The image below, which you can click on for greater detail, shows that Profarma Distribuidora de Produtos Farmacêuticos had debt of R$598.1m at the end of March 2021, a reduction from R$902.5m over a year. However, because it has a cash reserve of R$232.6m, its net debt is less, at about R$365.5m.

BOVESPA:PFRM3 Debt to Equity History May 28th 2021

A Look At Profarma Distribuidora de Produtos Farmacêuticos' Liabilities

According to the last reported balance sheet, Profarma Distribuidora de Produtos Farmacêuticos had liabilities of R$1.96b due within 12 months, and liabilities of R$723.8m due beyond 12 months. On the other hand, it had cash of R$232.6m and R$1.31b worth of receivables due within a year. So it has liabilities totalling R$1.14b more than its cash and near-term receivables, combined.

When you consider that this deficiency exceeds the company's R$784.7m market capitalization, you might well be inclined to review the balance sheet intently. In the scenario where the company had to clean up its balance sheet quickly, it seems likely shareholders would suffer extensive dilution.

We measure a company's debt load relative to its earnings power by looking at its net debt divided by its earnings before interest, tax, depreciation, and amortization (EBITDA) and by calculating how easily its earnings before interest and tax (EBIT) cover its interest expense (interest cover). This way, we consider both the absolute quantum of the debt, as well as the interest rates paid on it.

While Profarma Distribuidora de Produtos Farmacêuticos's debt to EBITDA ratio (2.5) suggests that it uses some debt, its interest cover is very weak, at 2.1, suggesting high leverage. It seems clear that the cost of borrowing money is negatively impacting returns for shareholders, of late. Profarma Distribuidora de Produtos Farmacêuticos grew its EBIT by 2.1% in the last year. That's far from incredible but it is a good thing, when it comes to paying off debt.
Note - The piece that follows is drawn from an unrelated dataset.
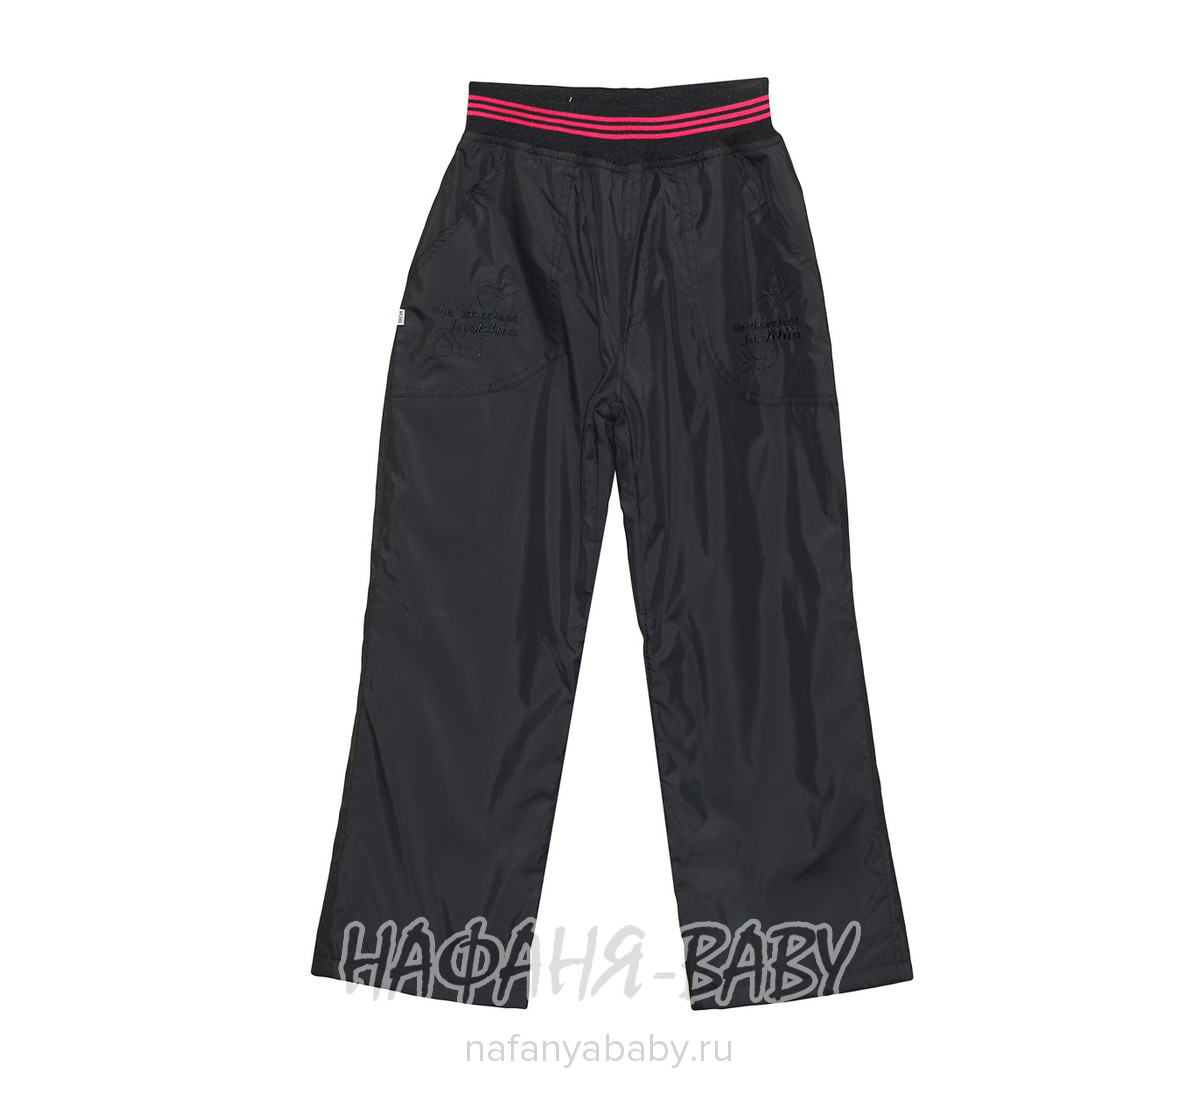 Детские утепленные брюки EMUR, купить в интернет магазине Нафаня. арт: 623.

When analysing debt levels, the balance sheet is the obvious place to start. But you can't view debt in total isolation; since Profarma Distribuidora de Produtos Farmacêuticos will need earnings to service that debt. So when considering debt, it's definitely worth looking at the earnings trend. Click here for an interactive snapshot.
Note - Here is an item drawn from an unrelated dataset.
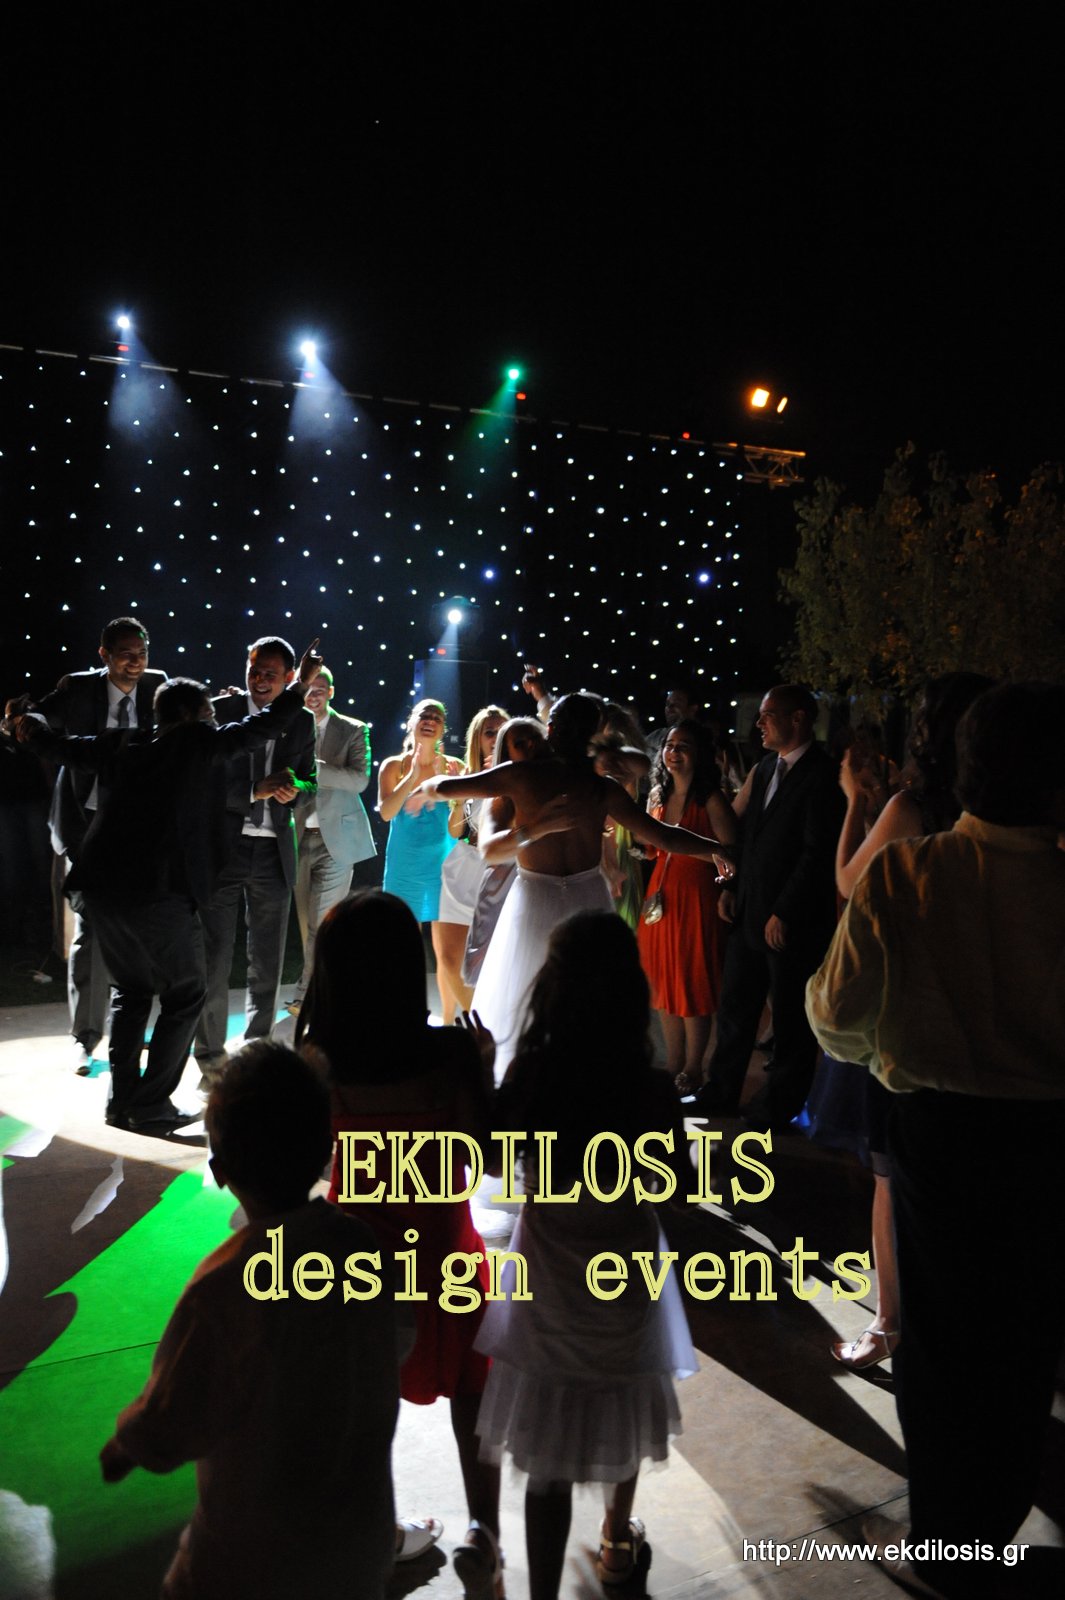 πίστες χορού εκδηλώσεων & πάρτι της ekdilosis event production

Finally, a business needs free cash flow to pay off debt; accounting profits just don't cut it. So we clearly need to look at whether that EBIT is leading to corresponding free cash flow. Over the last three years, Profarma Distribuidora de Produtos Farmacêuticos saw substantial negative free cash flow, in total. While that may be a result of expenditure for growth, it does make the debt far more risky.

Our View

On the face of it, Profarma Distribuidora de Produtos Farmacêuticos's level of total liabilities left us tentative about the stock, and its conversion of EBIT to free cash flow was no more enticing than the one empty restaurant on the busiest night of the year. Having said that, its ability to grow its EBIT isn't such a worry. It's also worth noting that Profarma Distribuidora de Produtos Farmacêuticos is in the Healthcare industry, which is often considered to be quite defensive. Overall, it seems to us that Profarma Distribuidora de Produtos Farmacêuticos's balance sheet is really quite a risk to the business. For this reason we're pretty cautious about the stock, and we think shareholders should keep a close eye on its liquidity. The balance sheet is clearly the area to focus on when you are analysing debt. But ultimately, every company can contain risks that exist outside of the balance sheet. These risks can be hard to spot. Every company has them, and we've spotted 2 warning signs for Profarma Distribuidora de Produtos Farmacêuticos (of which 1 can't be ignored!) you should know about.

Of course, if you're the type of investor who prefers buying stocks without the burden of debt, then don't hesitate to discover our exclusive list of net cash growth stocks, today.